Unnamed: 0,indexId,place_name,name_type,object
0,ofr20231052,Alaska,state,Q254
1,ofr20231049,Alaska,state,Q254
2,sir20235039,Alaska,state,Q254
3,sir20235029,Alaska,state,Q254
4,sir20225099,Alaska,state,Q254


# Counties

County references are problematic in the PW Catalog because they are simple text strings with no specific context or identifiers. To deal with this, I run through and only use items where there are both state and county lists, build strings that match how I labeled these in the GeoKB (e.g., Mesa County, Colorado), and then only make connections where I have an exact match on those strings.
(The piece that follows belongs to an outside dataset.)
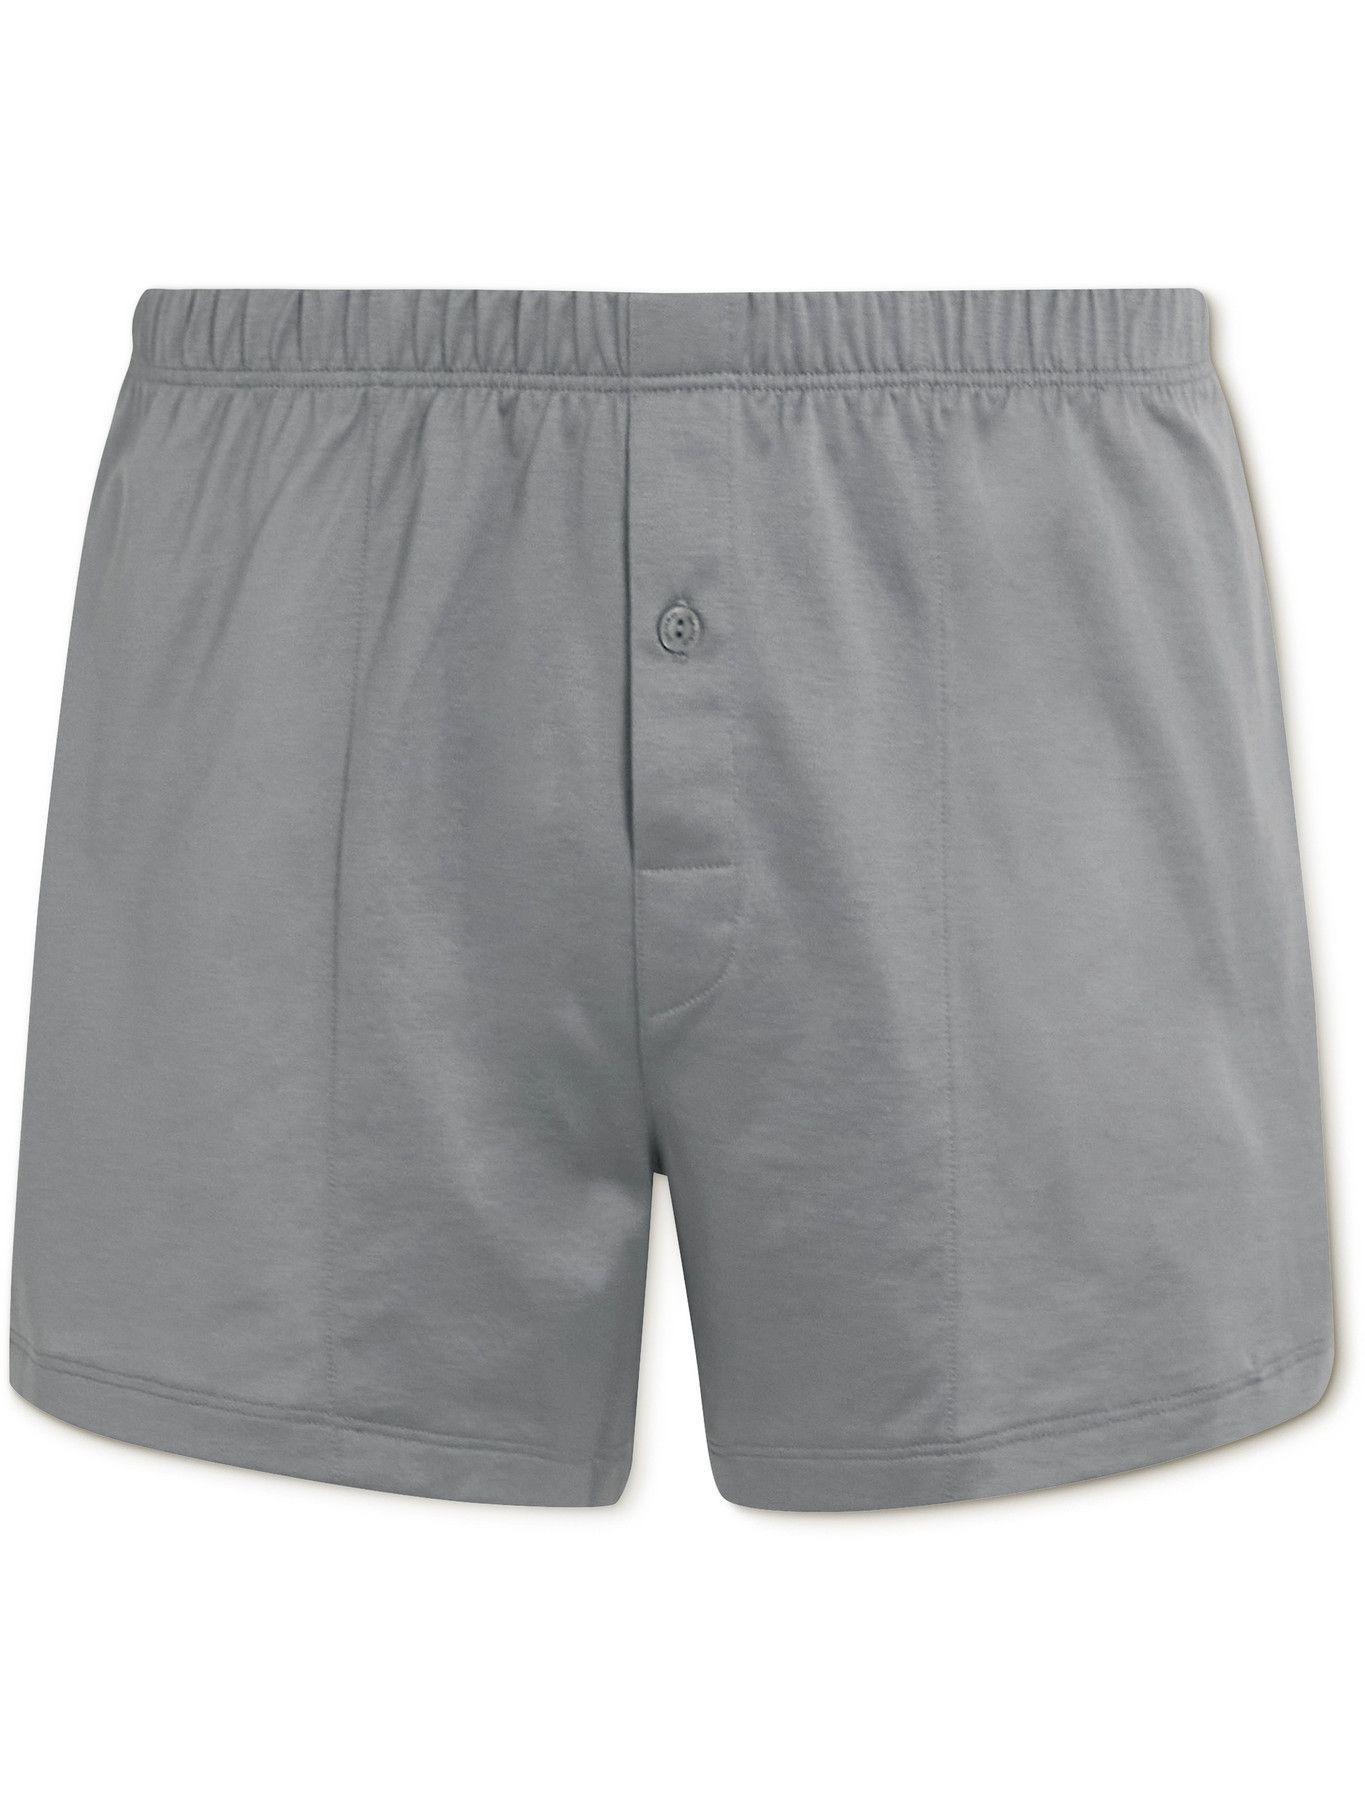 Photo: Hanro - Sporty Mercerised Cotton Boxer Shorts - Gray

This cuts out a bunch of misspellings and other issues, but those are all suspect anyway.

In [7]:
def county_states(x):
    place_names = []
    for state in x['states']:
        for county in x['counties']:
            place_names.append(f"{county}, {state}")
    return place_names

pw_counties = pw_dump[['indexId','county','state']].reset_index(drop=True)
pw_counties.dropna(subset=['county','state'], inplace=True)
pw_counties['counties'] = pw_counties['county'].apply(lambda x: [i.strip() for i in x.split(',')])
pw_counties['states'] = pw_counties['state'].apply(lambda x: [i.strip() for i in x.split(',')])
pw_counties.drop(columns=['state','county'], inplace=True)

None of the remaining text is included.